Как можно было оказаться такой холодной, расчетливой штучкой при такой бабушке, он не понимал. Ну да, деньги присылала, материально, так сказать, поддерживала. Но разве это надо было стареющей, нездоровой и совершенно одинокой женщине? А ведь она растила эту внучку, любила до безумия. В последнее время только о Катюше и говорила, ее фото разглядывала часами, письма перечитывала…
Николай допил остывший чай и вышел из дому - после тяжелых рабочих дней на доме очередного заказчика своя стройка продвигалась медленно, сил и времени на нее не оставалось. Надо сегодня хоть с фундаментом закончить.
Неужели в тот дом?
Вечерний теплый свет заливал двор. Жук, неурочно получивший миску каши, дремал от сытости, валяясь в густой траве. Марианна вышла на крыльцо, села, несколько минут пристально смотрела на банду воробьев, ссорившихся из-за места на крыше сарая. Потом лениво зевнула…
- Чё там, Мариванна? Как Бабушка? - поднял лохматое ухо Жук.
- Бабушка лежит, собралась умирать, - нехотя ответила кошка, на этот раз проигнорировав фамильярное обращение. - Приходил Сосед…
- Ну, чё сказал?
- Не нукай, болван, - сморщилась Марианна. - Бабушка поручила ему присмотреть за Внучкой.
- А он чё?
- Чё-чё! - передразнила Марианна. - Расстроился, конечно, сказал, что присмотрит.
- Да, дела-а-а! - Жук сел, потряс кудлатой головой. - Значит, и впрямь помирать собралась. - Он коротко взвыл, сам испугался и замолчал.

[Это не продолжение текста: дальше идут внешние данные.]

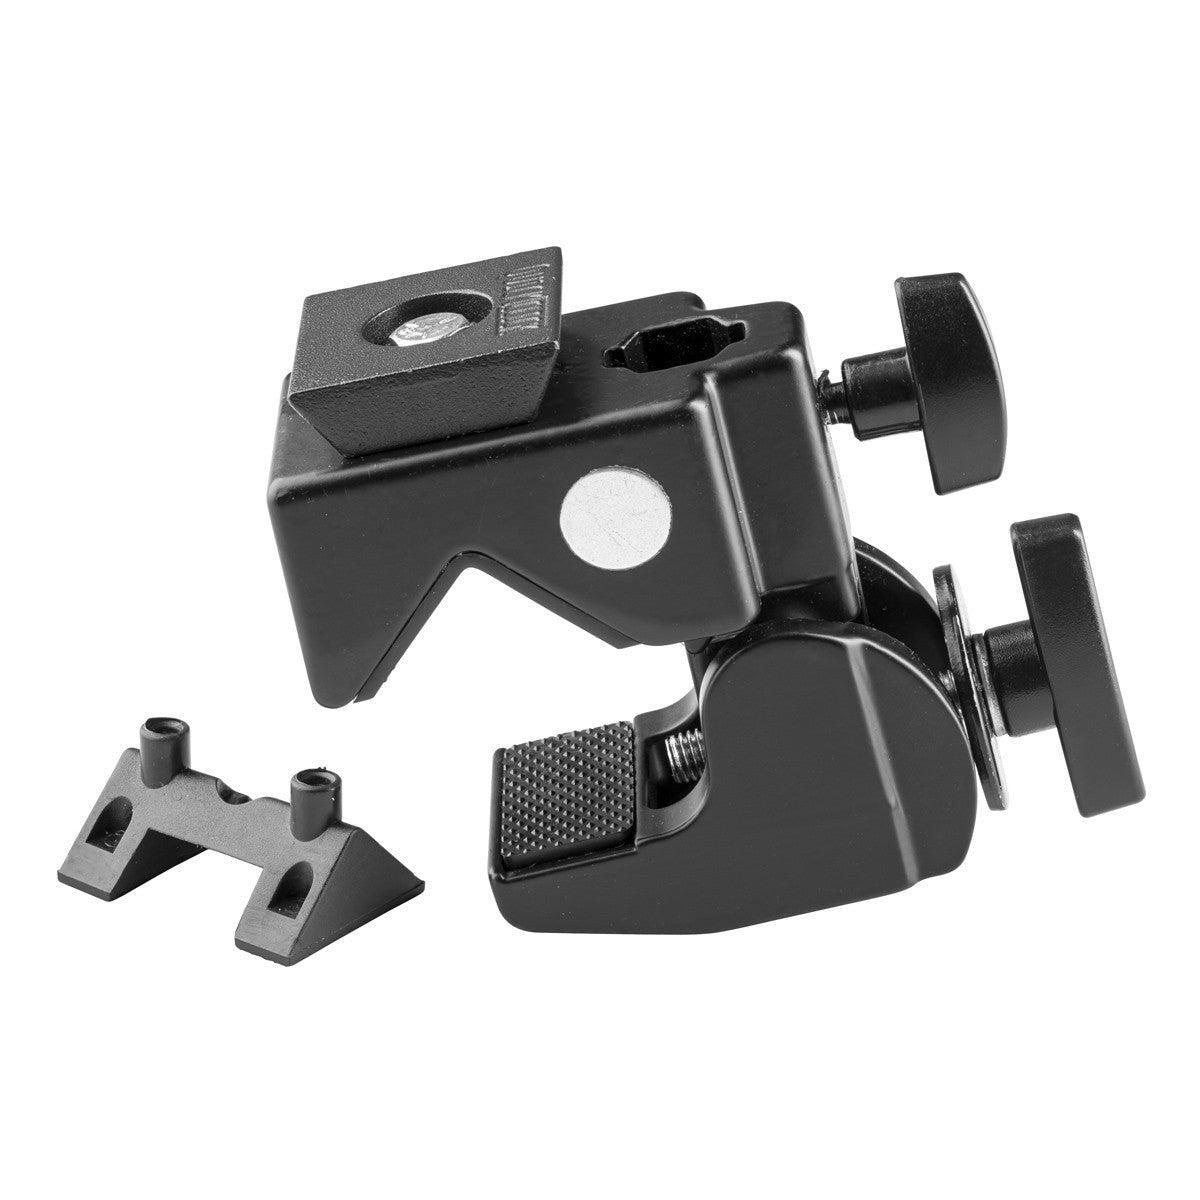 Mogo Adjustable Clamp with QuickClick

- Так-то ей вроде получше, - нехотя сообщила Марианна. - Но это просто положительный этот… стресс.
- Чего это - стресс? - свесил голову набок Жук.
- Вот деревенщина! - фыркнула кошка. - Ну от радости, что Внучка приехала. Ты же знаешь, как она ее любит.
- Да-а-а, - приуныл Жук. - Уж точно больше, чем нас…
Марианна отвернулась и стала вылизывать разлохматившийся бочок. Она была уверена, что больше всех Бабушка любит ее, потом уже Внучку, потом свои розы, а совсем последним болвана Жука, который часто не по делу будил Бабушку ночью своим лаем. Бабушка вставала, выходила на крылечко в наброшенном на ночную сорочку теплом платке и урезонивала пса: "Ну что ты, Жучок, спи, не лай, соседей будишь!" На самом деле соседские собаки - Полкан печника Столетова и противная выскочка Лада, визгливо заливавшаяся всю ночь напролет, охраняя добро тети Гали-Хохлушки, шумели гораздо сильнее, но Бабушка конфузилась за Жука.
- Слышь, Маш, - не утерпел Жук, - а если помрет, что с нами-то будет?
Марианна продолжала вылизываться, сделав вид, что не услышала. На самом деле этот трагический вопрос не давал ей покоя уже которую ночь. Она с детства на законных основаниях спала в ногах на постели Бабушки. Маленькая тревога возникла, когда она почуяла, что бабушкины ноги стынут все сильнее и сильнее. Старушка вставала несколько раз за ночь, тревожа кошку, пила сильно пахнувшие капли и таблетки, потом, охая, ложилась снова… В последние недели Марианна почти не спала, прислушиваясь к прерывистому дыханию Бабушки.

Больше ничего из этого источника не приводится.